The Dog Crusoe and his Master | Page 4

Robert Michael Ballantyne
looked at the ground and shook his head.
Joe was one of the regular out-and-out backwoods hunters, both in appearance and in fact--broad, tall, massive, lion-like,--gifted with the hunting, stalking, running, and trail--following powers of the savage, and with a superabundance of the shooting and fighting powers, the daring and dash of the Anglo-Saxon. He was grave, too seldom smiled, and rarely laughed. His expression almost at all times was a compound of seriousness and good-humour. With the rifle he was a good, steady shot; but by no means a "crack" one. His ball never failed to hit, but it often failed to kill.
After meditating a few seconds, Joe Blunt again shook his head, and muttered to himself; "The boy's bold enough, but he's too reckless for a hunter. There was no need for that yell, now--none at all."
Having uttered this sagacious remark, he threw his rifle into the hollow of his left arm, turned round, and strode off with a long, slow step towards his own cottage.
Blunt was an American by birth, but of Irish extraction, and to an attentive ear there was a faint echo of the brogue in his tone, which seemed to have been handed down to him as a threadbare and almost worn-out heirloom.
Poor Crusoe was singed almost naked. His wretched tail seemed little better than a piece of wire filed off to a point, and he vented his misery in piteous squeaks as the sympathetic Varley confided him tenderly to the care of his mother. How Fan managed to cure him no one can tell, but cure him she did, for, in the course of a few weeks, Crusoe was as well, and sleek, and fat as ever.
CHAPTER TWO.
A SHOOTING MATCH AND ITS CONSEQUENCES--NEW FRIENDS INTRODUCED TO THE READER--CRUSOE AND HIS MOTHER CHANGE MASTERS.
Shortly after the incident narrated in the last chapter, the squatters of the Mustang Valley lost their leader. Major Hope suddenly announced his intention of quitting the settlement, and returning to the civilised world. Private matters, he said, required his presence there--matters which he did not choose to speak of but which would prevent his returning again to reside among them. Go he must, and, being a man of determination, go he did; but before going he distributed all his goods and chattels among the settlers. He even gave away his rifle, and Fan, and Crusoe. These last, however, he resolved should go together; and as they were well worth having, he announced that he would give them to the best shot in the valley. He stipulated that the winner should escort him to the nearest settlement eastward, after which he might return with the rifle on his shoulder.

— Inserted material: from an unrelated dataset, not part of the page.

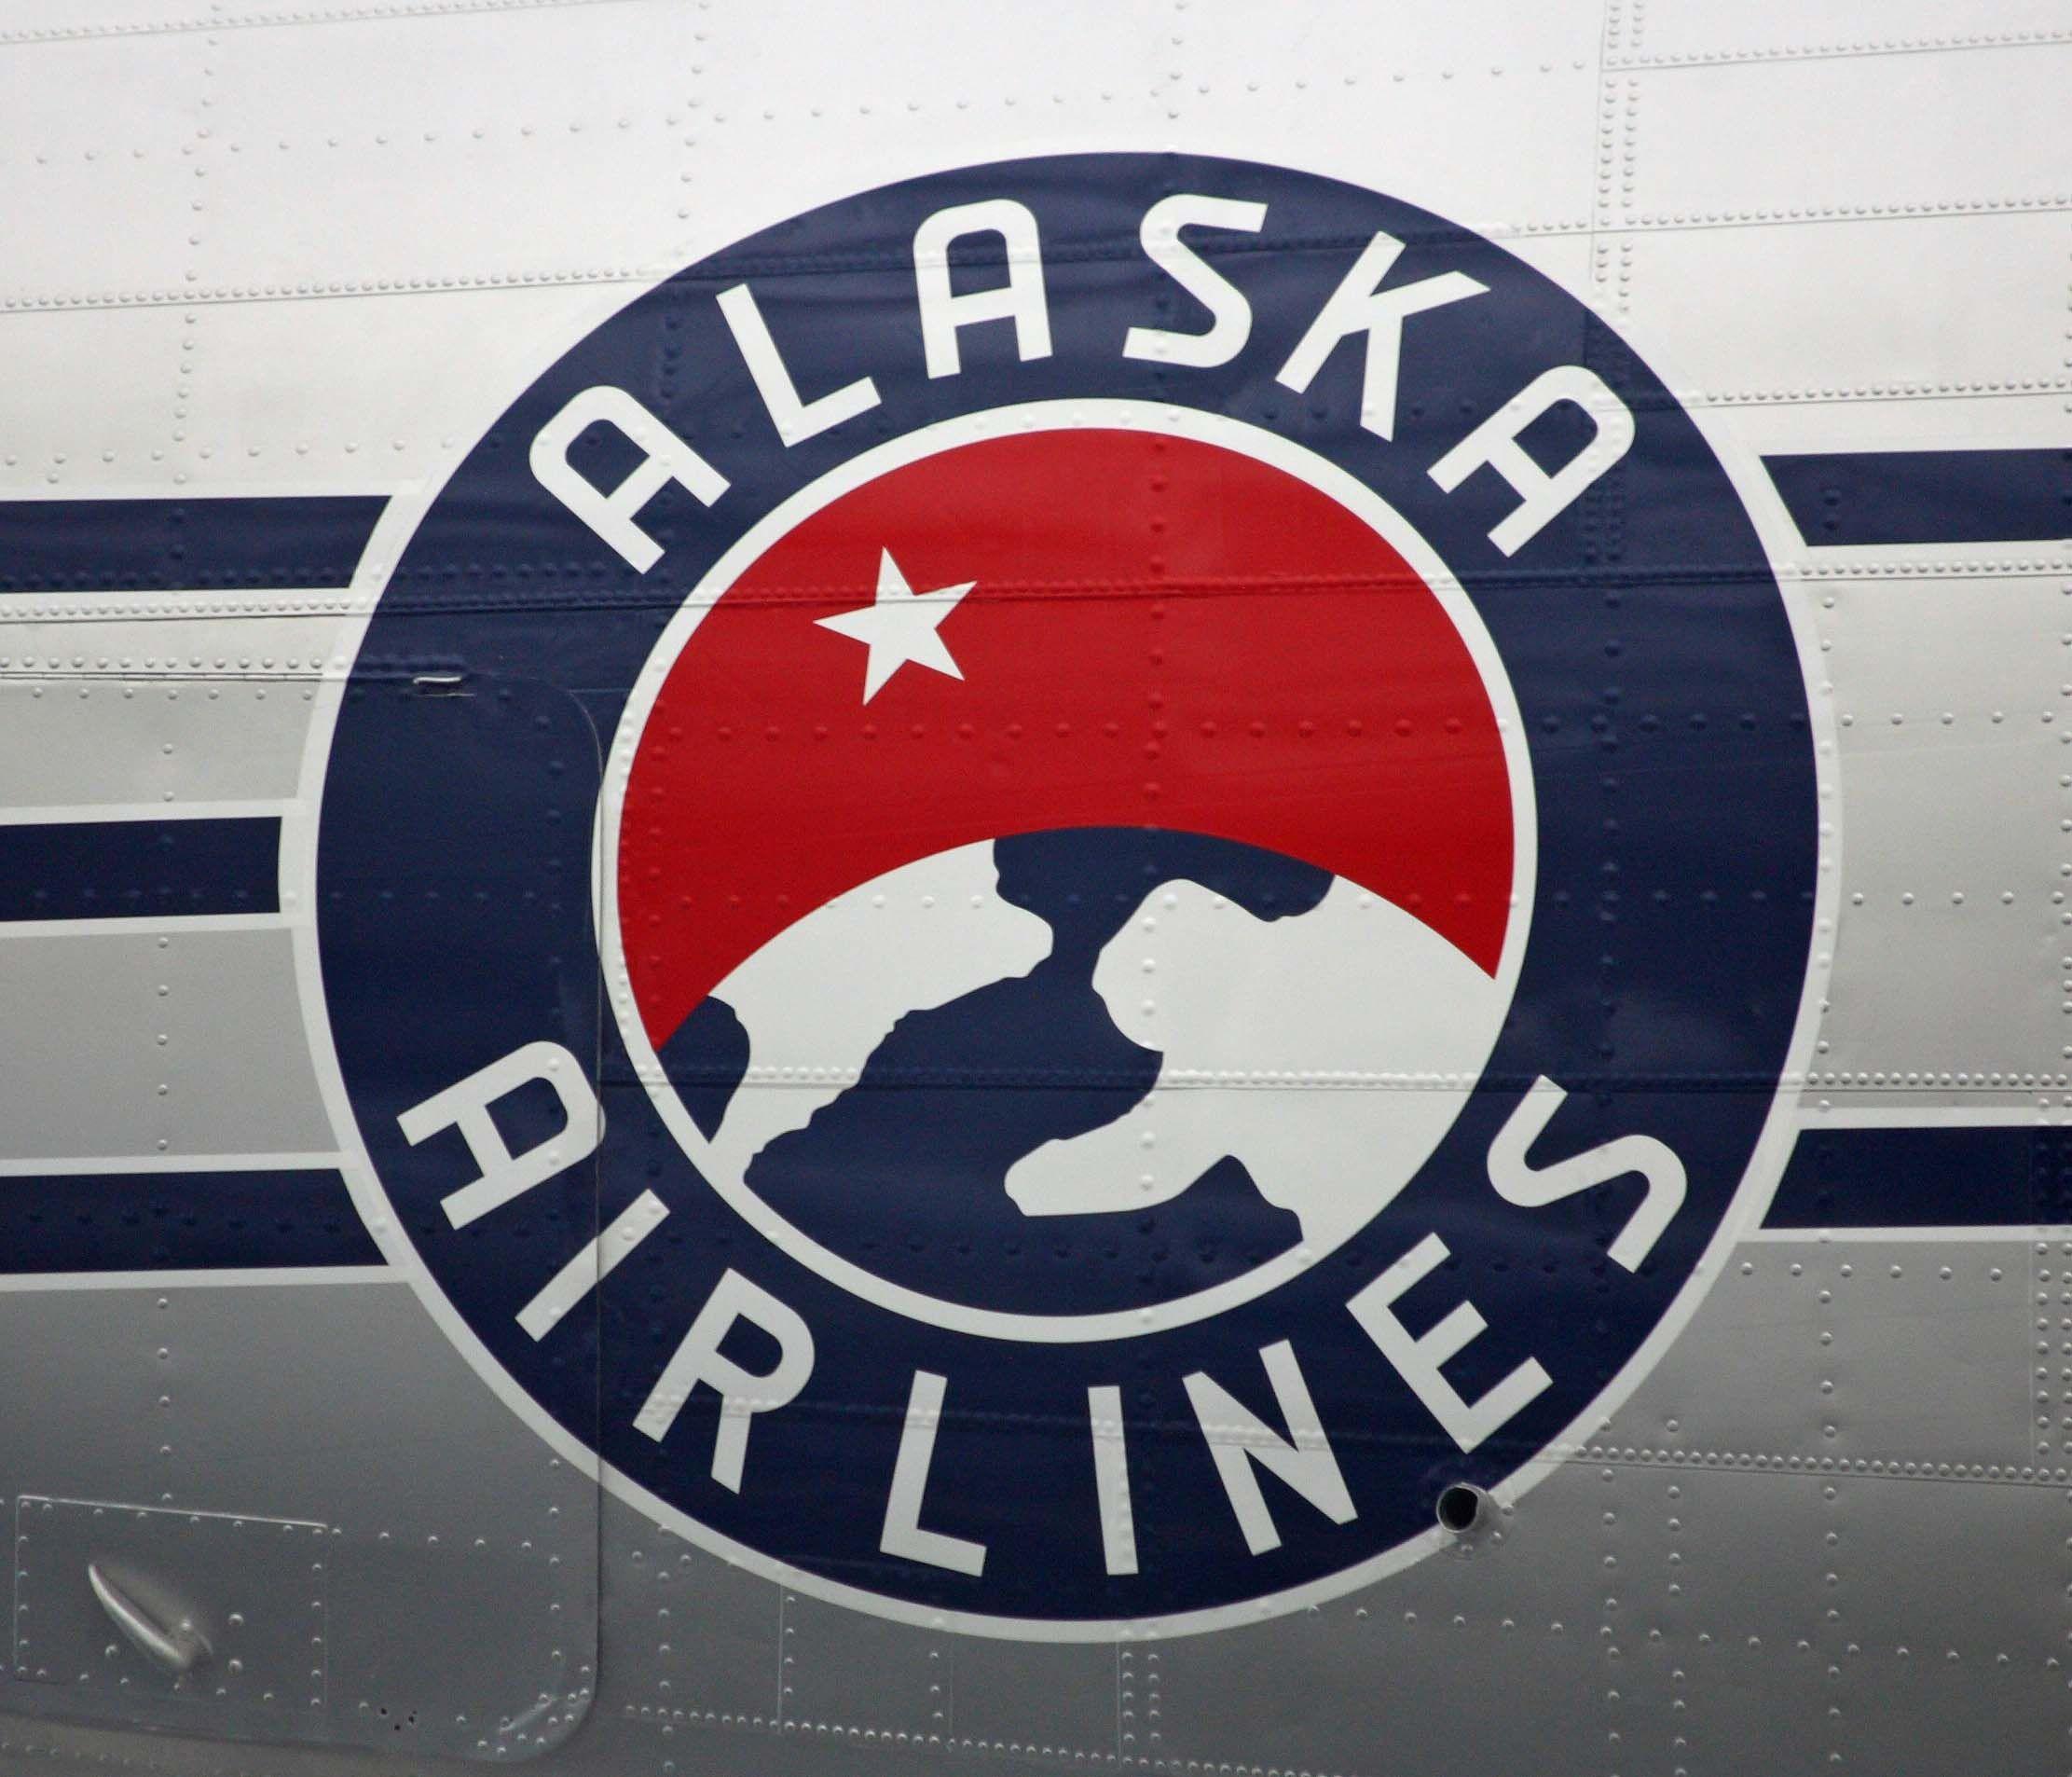 Alaska Airlines Old Logo - Old Alaska Airlines logo on a DC

Accordingly, a long level piece of ground on the river's bank, with a perpendicular cliff at the end of it, was selected as the shooting ground, and, on the appointed day, at the appointed hour, the competitors began to assemble.
"Well, lad, first as usual," exclaimed Joe Blunt, as he reached the ground and found Dick Varley there before him.

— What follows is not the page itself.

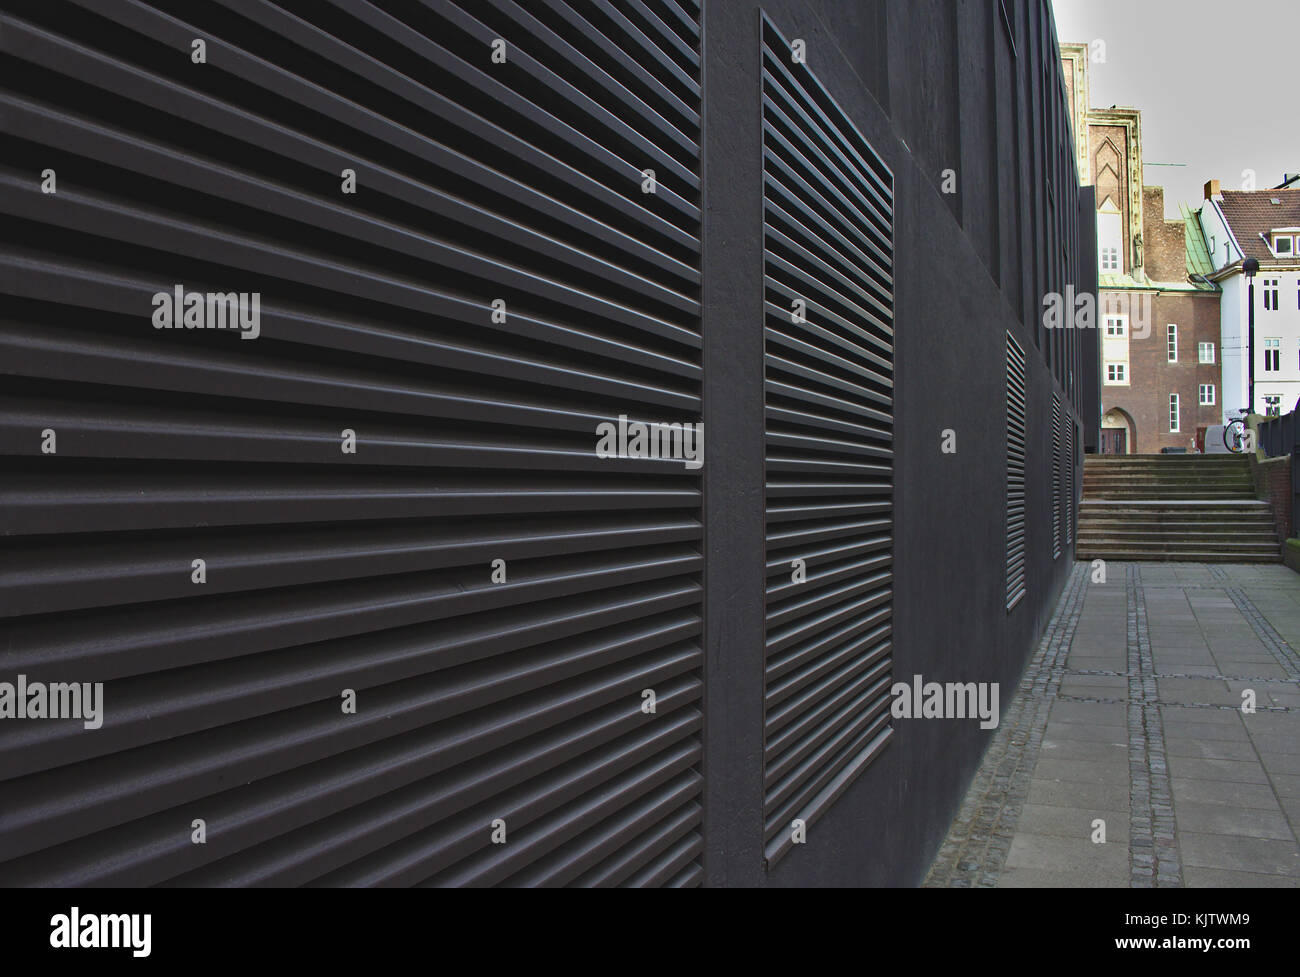 Marciapiede e parete nera con ampie bocchette di ventilazione che formano linee convergenti che conducono a passi distanti Foto Stock

"I've bin here more than an hour lookin' for a new kind o' flower that Jack Morgan told me he'd seen. And I've found it too. Look here; did you ever see one like it before?"
Blunt leaned his rifle against a tree, and carefully examined the flower.

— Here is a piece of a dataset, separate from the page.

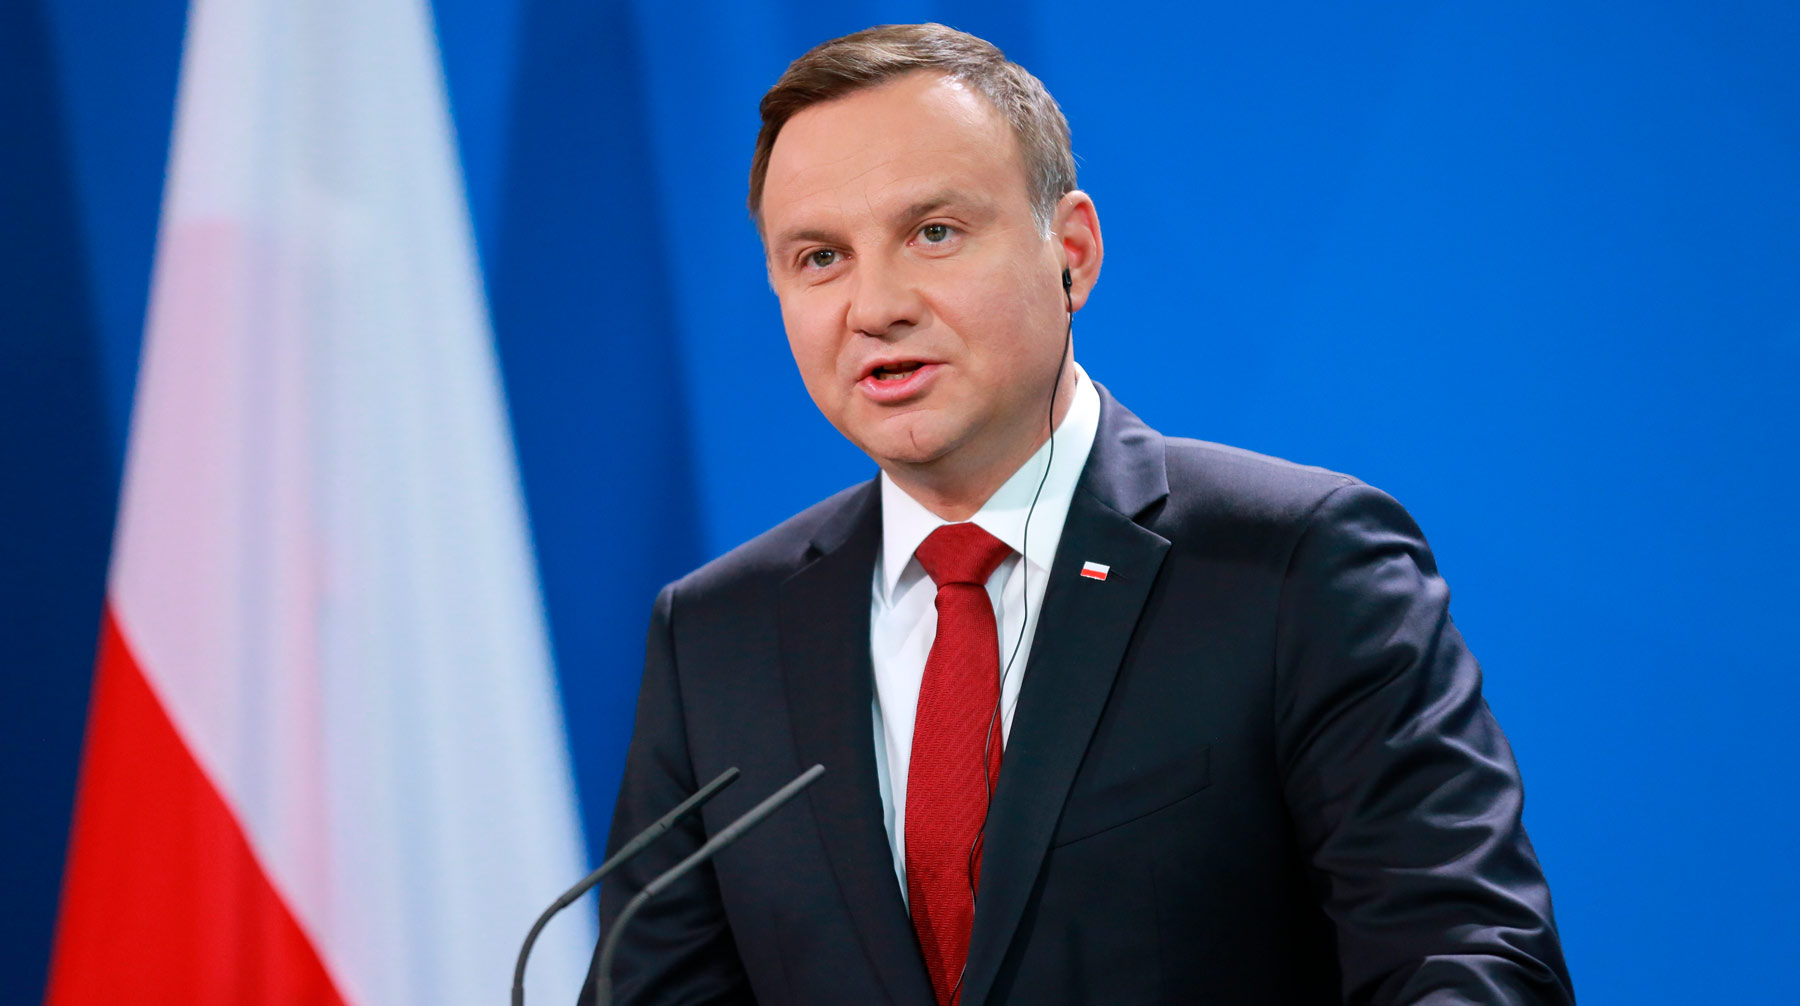 Ответом на угрозу должно стать укрепление связей с Евросоюзом и НАТО Президент Польши Анджей Дуда

"Why, yes, I've seed a-many o' them up about the Rocky Mountains, but never one here-away. It seems to have gone lost itself. The last I seed, if I remimber rightly, wos near the head-waters o' the Yellowstone River, it wos--jest where I shot a grizzly bar."
"Was that the bar that gave you the wipe on the cheek?" asked Varley, forgetting the flower in his interest about the bear.
"It was. I put six balls in that bar's carcase, and stuck my knife into its heart ten times afore it gave out; an' it nearly ripped the shirt off my back afore I was done with it."
"I would give my rifle to get a chance at a grizzly!" exclaimed Varley, with a sudden burst of enthusiasm.
"Whoever got it wouldn't have much to brag of," remarked a burly young backwoodsman, as he joined them.
His remark was true, for poor Dick's weapon was but a sorry affair. It missed fire, and it hung fire, and even when it did fire it remained a matter of doubt in its owner's mind whether the slight deviations from the direct line made by his bullets were the result of his or its bad shooting.
Further comment upon it was checked by the arrival of a dozen or more hunters on the scene of action. They were a sturdy set of bronzed, bold, fearless men, and one felt, on looking at them, that they would prove more than a match for several hundreds of Indians in open fight.